WHAT IS EXPECTED
Copy every entry below exactly, and keep out the pictures.

====

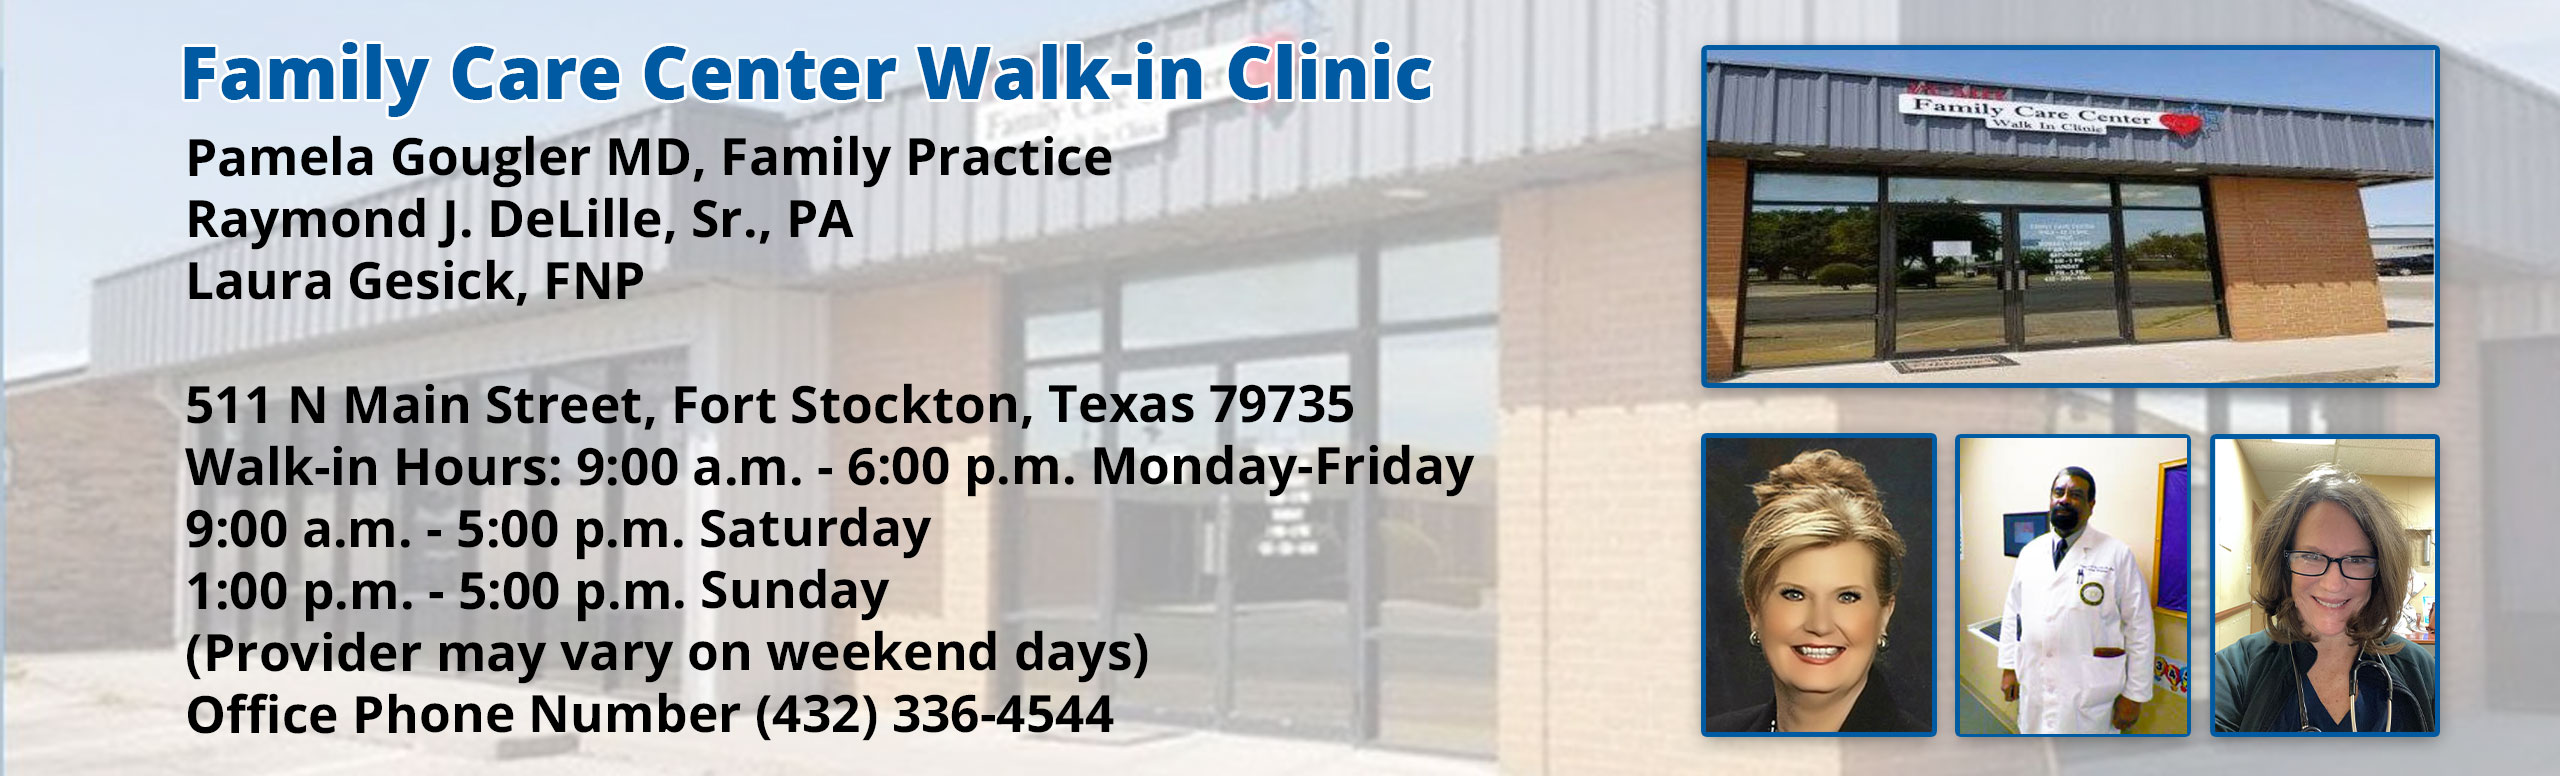 Pamela Gougler MD, Family Practice, Raymond J. DeLille, Sr., PA, Samuel Itie, FNP-C

511 N Main Street, Fort Stockton, Texas 79735
Walk-In Hours: 9:00-6:00 p.m. Monday-Friday
9:00 a.m.-5:00 p.m. Sunday
(Provider may vary on weekend days)
Office Phone Number (432) 336-4544

====

EXPECTED OUTPUT
 Pamela Gougler MD, Family Practice, Raymond J. DeLille, Sr., PA, Samuel Itie, FNP-C

511 N Main Street, Fort Stockton, Texas 79735
Walk-In Hours: 9:00-6:00 p.m. Monday-Friday
9:00 a.m.-5:00 p.m. Sunday
(Provider may vary on weekend days)
Office Phone Number (432) 336-4544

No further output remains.